The self-organizing map (SOM) is a powerful tool for clustering and visualizing high-dimensional complex data on one plane (Kohonen et al. 1996). For the codon and oligonucleotide composition handled as high-dimensional data, we modified the conventional SOM to batch learning SOM or “BLSOM” (Kanaya et al. 2001; Abe et al. 2003). On BLSOMs for oligonucleotide compositions, genomic sequence fragments (e.g., 10 and 100 kb) derived from a wide range of species were clustered (self-organized) according to species without information regarding species (Abe et al. 2005 and 2006).

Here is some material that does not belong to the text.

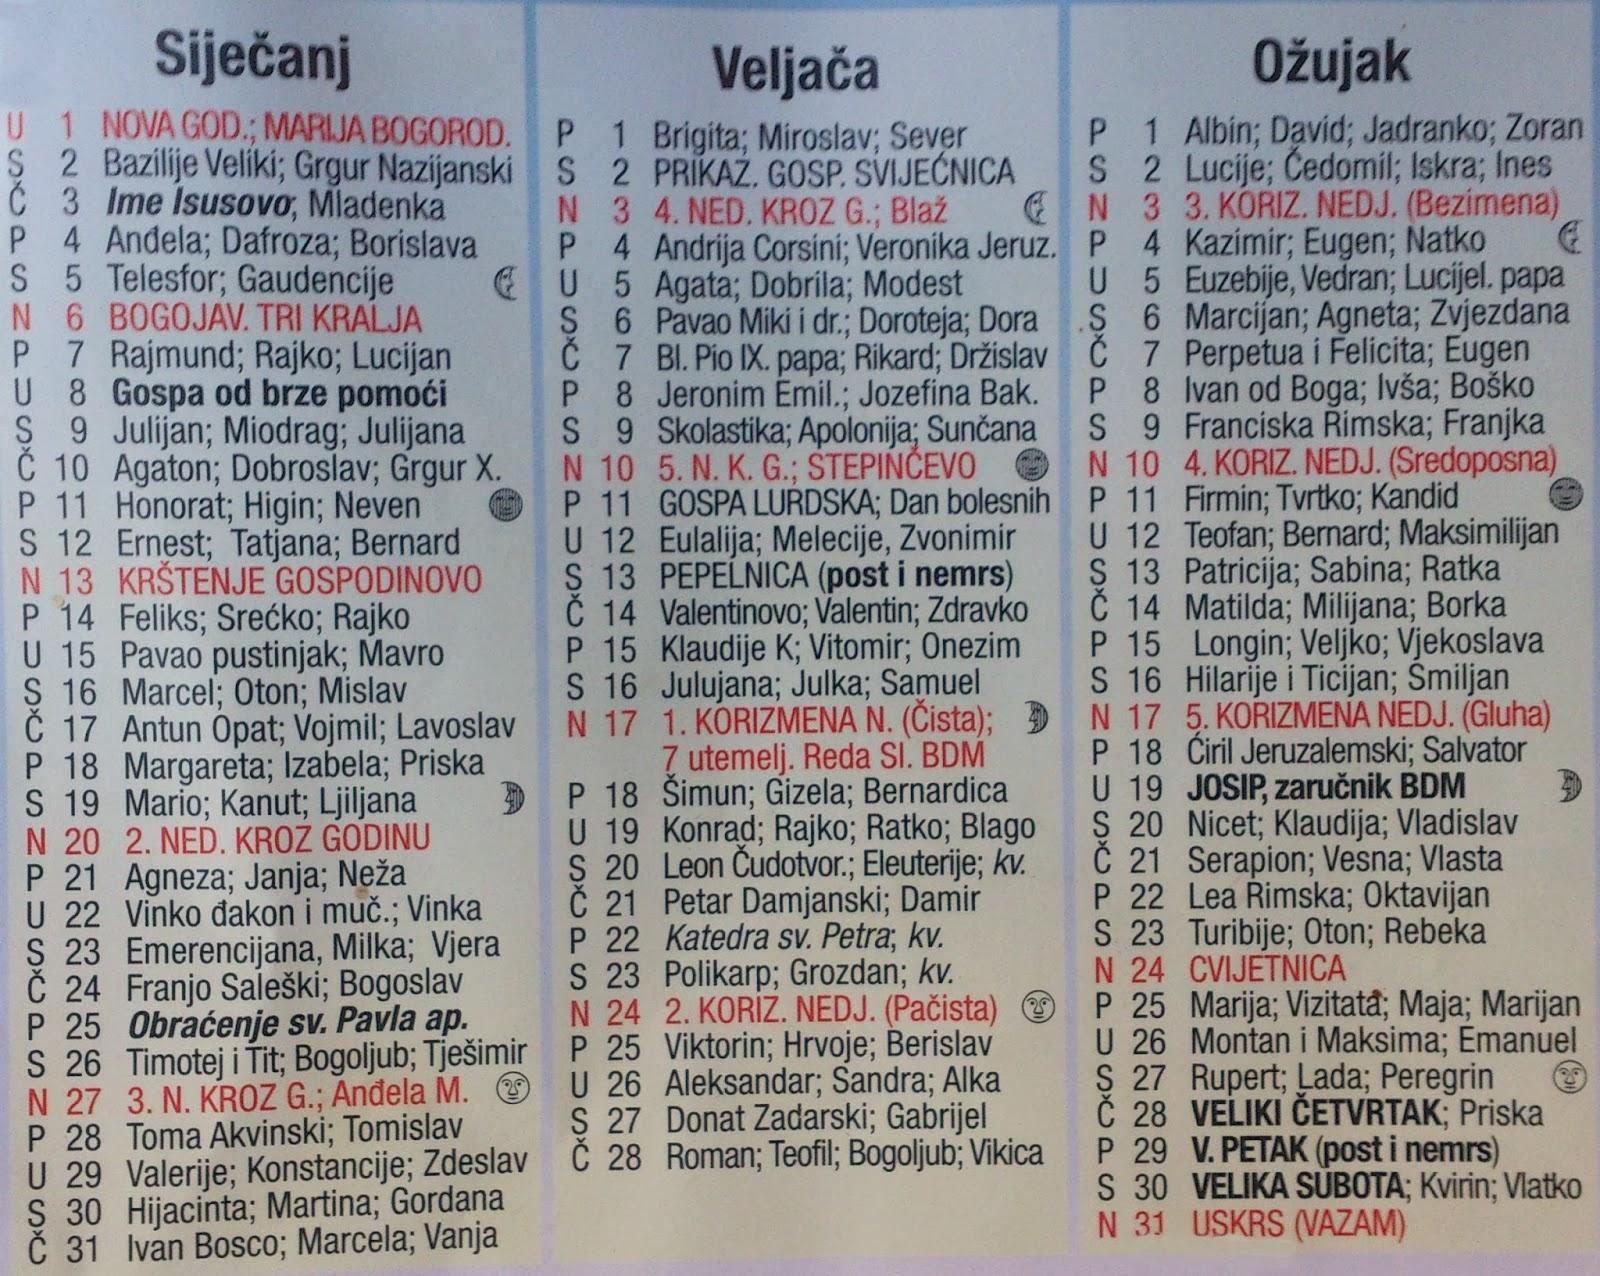 of Hrvatski Katolicki Kalendar 2015 ~ Feb 2016 watch movies online
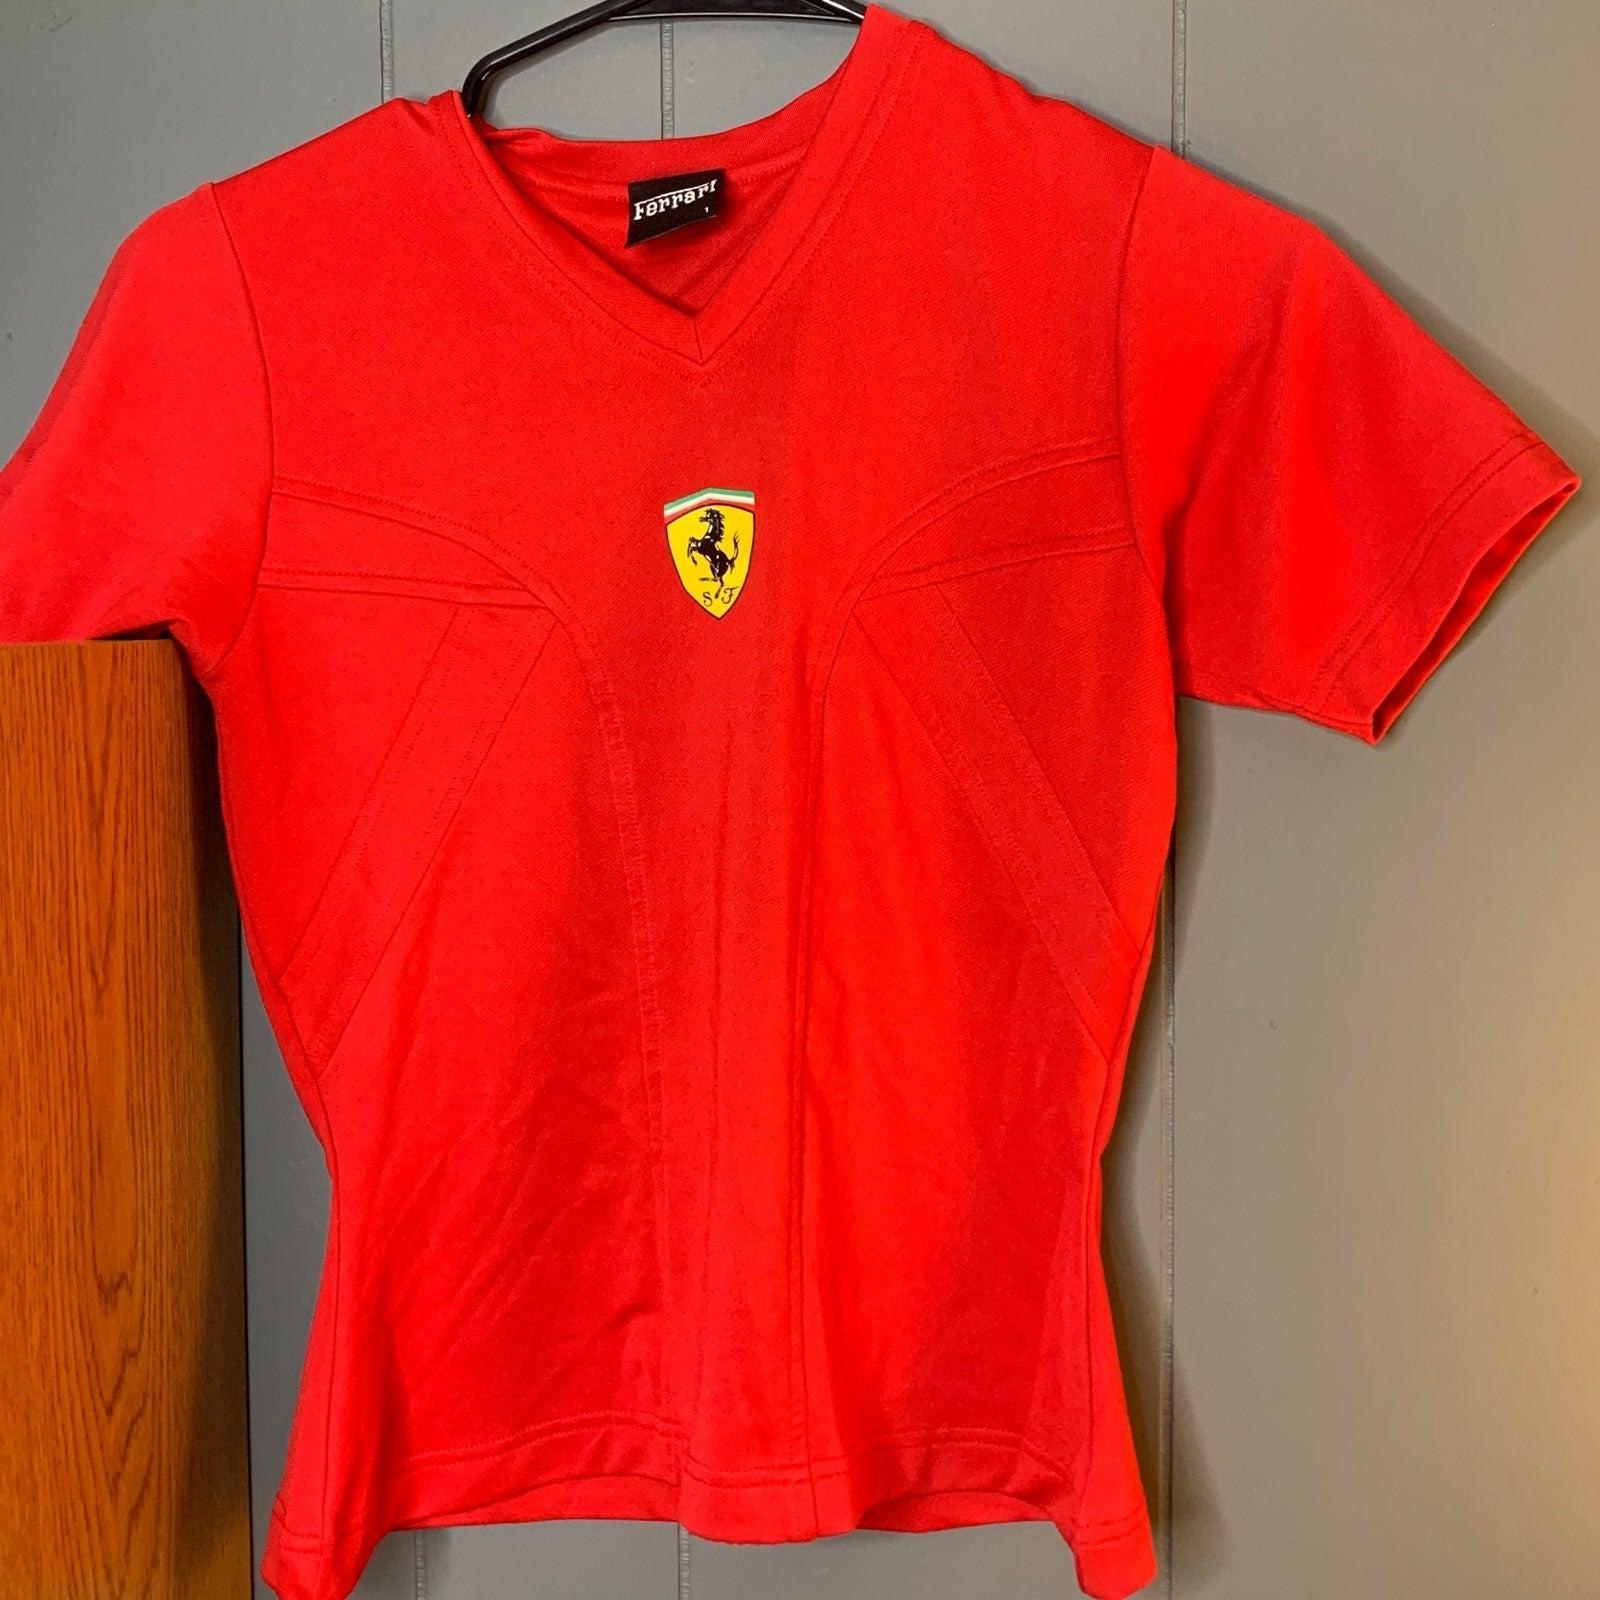 Size Small Women's Ferrari Sports Shirt

By constructing pentanucleotide BLSOMs for all 20-, 50-, and 100-kb sequences derived from the human genome, this study examined the usefulness of BLSOM in unveiling sequence characteristics hidden within a single genome and revealed several specific zones on the BLSOM, which were composed primarily of sequences derived from pericentric regions. Importantly, in sequences belonging to the specific zones, various transcription-factor-binding (TFB) consensus motifs were characteristically enriched.

Materials and methods

BLSOM

Multidimensional vectorial data can be used to represent complex data numerically. When high-dimensional data (e.g., 1,024 dimensions for the pentanucleotide composition) are analyzed through linear projection onto a two-dimensional map such as done in the principal component analysis (PCA), only a minor portion of characteristics of the multidimensional data can be extracted in most cases: a low cumulative contribution rate of the first two dimensions in PCA. SOM is a clustering method to solve this issue and an unsupervised algorithm that projects non-linearly the high-dimensional data onto a two-dimensional plane (Kohonen et al. 1996). We modified the conventional SOM for genome informatics to make the learning process and resulting map independent of the order of data input, on the basis of BLSOM (Kanaya et al. 2001). In the original Kohonen’s SOM the initial vectorial data were set by random values (Kohonen et al. 1996), but in the BLSOM the initial vectors were initialized by PCA (Kanaya et al. 2001). BLSOM for oligonucleotide composition was conducted as described previously (Abe et al. 2003). The clustering ability of BLSOM for four vertebrate genomes and the basal features of BLSOM patterns are presented in Supplementary Figs. S1 and S2.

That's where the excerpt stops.